The difference between on-site funds and off-site funds is that trading places are different, trading methods are different and trading costs are different. Although OTC funds cannot be bought and sold in the securities market, there are still many channels for buying and selling. They can be purchased from online and offline channels of fund companies, banks, securities companies and other financial institutions, and online platforms such as Alipay and WeChat.

What's the difference between OTC funds and OTC funds?

Trading places are different: OTC funds are simply bought in the primary market-directly from fund companies.

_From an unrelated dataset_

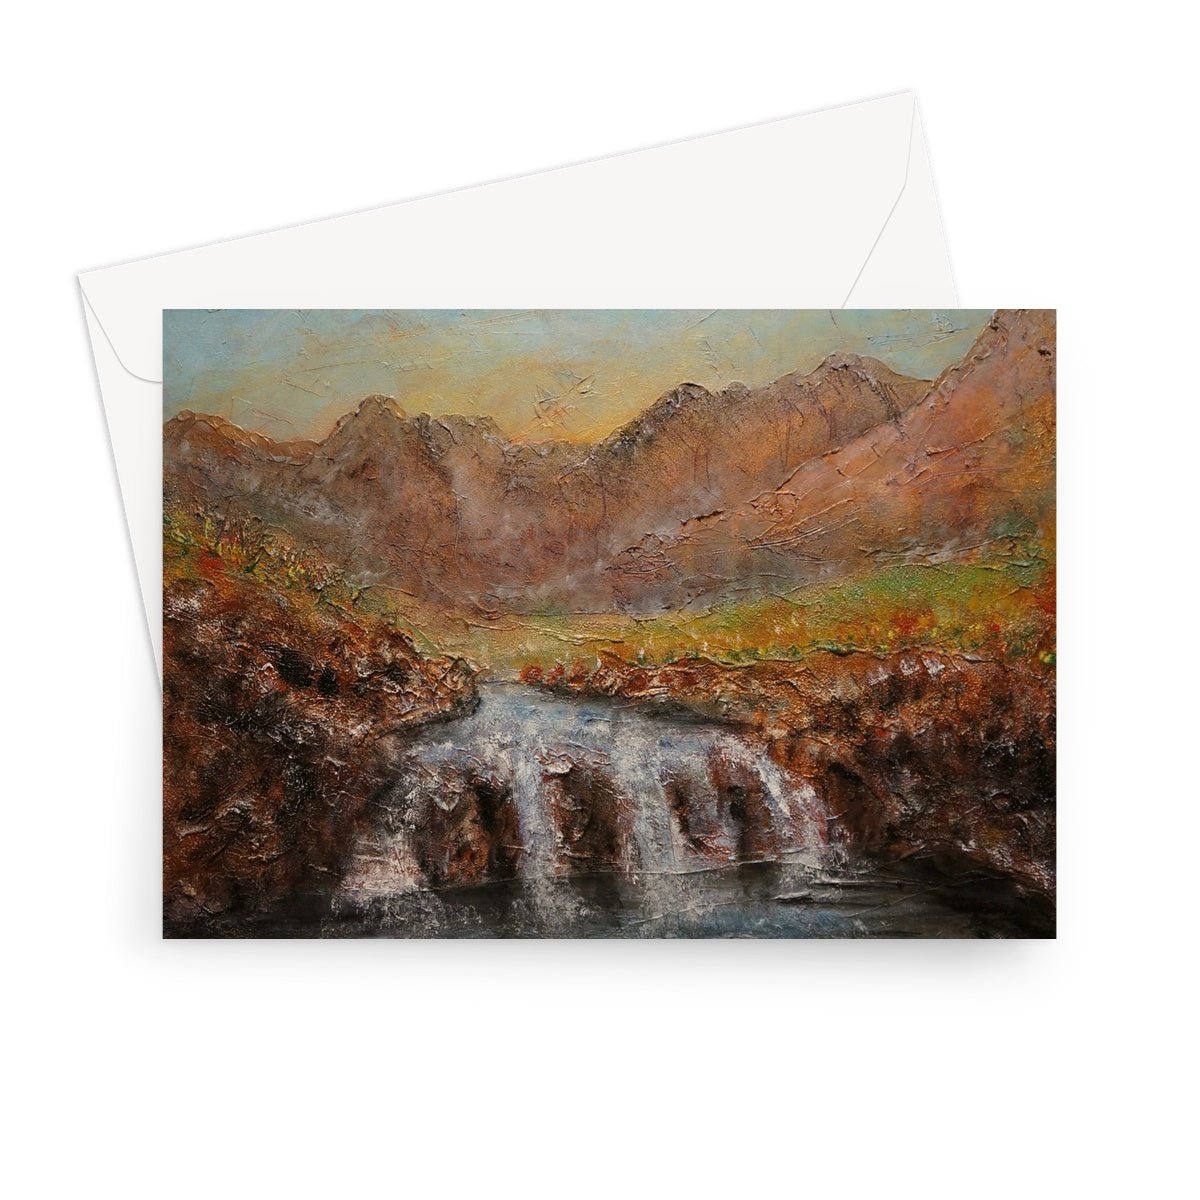 Fairy Pools Dawn Skye Art Gifts Greeting Card-Greetings Cards-Skye Art Gallery-7"x5"-10 Cards-Paintings, Prints, Homeware, Art Gifts From Scotland By Scottish Artist Kevin Hunter

After the fund company issues funds, we can buy/sell from the fund company. On-site funds, bought from other investors in the stock exchange, can be understood as buying and selling from the second-hand market.

Different ways of buying and selling: the funds on the floor can only be bought and sold through securities accounts, which are provided by securities companies. When buying and selling funds, they will trade at the real-time price of the funds. Trading OTC funds also requires an account with corresponding channels. For example, if you buy or sell funds in a bank, you have to have a bank account. Buying and selling is called subscription and redemption, and it can't be done immediately.

The transaction cost is different: the transaction cost of on-site funds is usually a handling fee, which is generally around three thousandths, and the maximum is not more than three thousandths. The handling fee is charged by the securities company. OTC fund fees are mainly subscription and redemption fees, which are charged by the fund company, but included in the net value of the fund.